On a forest world, they encounter a humanoid race that lives a symbiotic life with trees, sharing their existence and their faculties, and who don’t take kindly to humans and Martians intruding on their peaceful lifestyle. Perhaps there’s a message for any future ambassadors who might think they know better than the local inhabitants. Another planet features particularly unpleasant aliens who can deceive the human (and Martian) mind in remarkable and ingenious ways.

An outstanding feature of these stories, as in many of his others such as the 1952 short story Landing Party, and particularly his Hugo Award winning Allamagoosa of 1955, is that they are told with a degree of humour, so often targeting bureaucracy and officialdom, but also regarding the everyday events of life in space. In his history of science fiction Billion Year Spree, Brian Aldiss referred to Russell as the “licensed jester” to John W. Campbell as editor of Astounding magazine.
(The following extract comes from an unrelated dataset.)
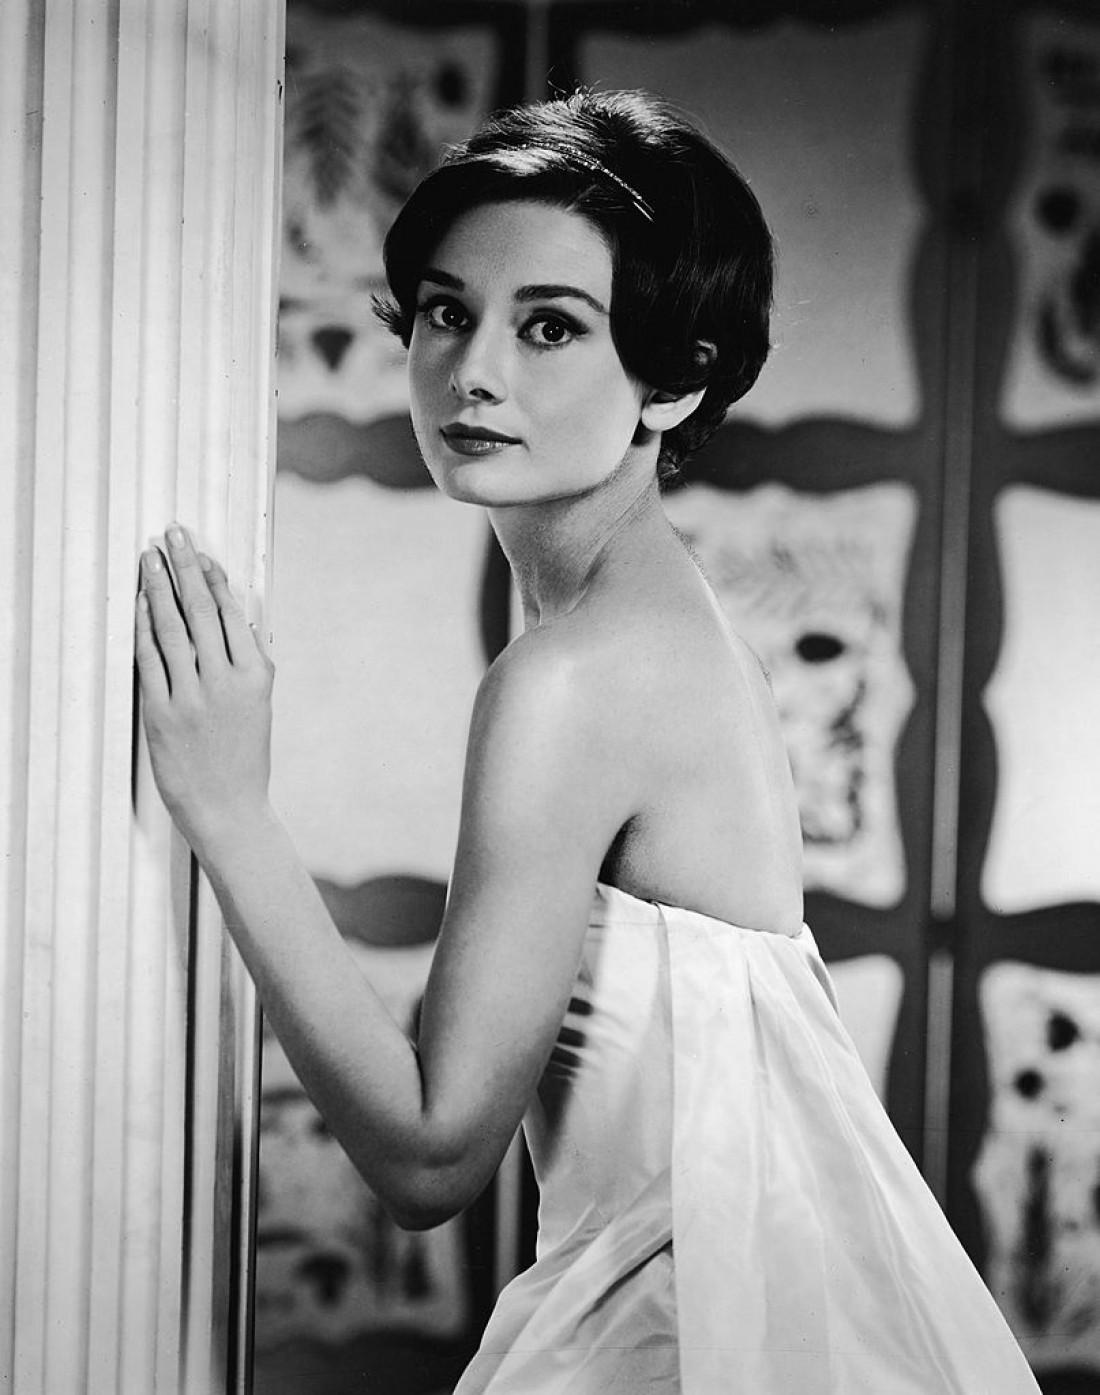 Диета Одри Хепберн: как питалась актриса

Our understanding of the universe and the technology of spaceflight has progressed immensely since the days when Russell was writing, but possibly the key message emerging from so much of his fiction is that, despite all the perils and trials of future space exploration, it might actually be fun. A review in the Oxford Mail at the time suggested that “Many writers have followed the trail Mr Russell blazed. Most of them lack his drive and wise-cracking humour.” Surely any enthusiasm, for any subject, needs to employ a smile to balance the seriousness.

As Russell expressed it so well in Men, Martians and Machines: “Space-conquerors, bah! Nutty, all of them, just like you and me!”.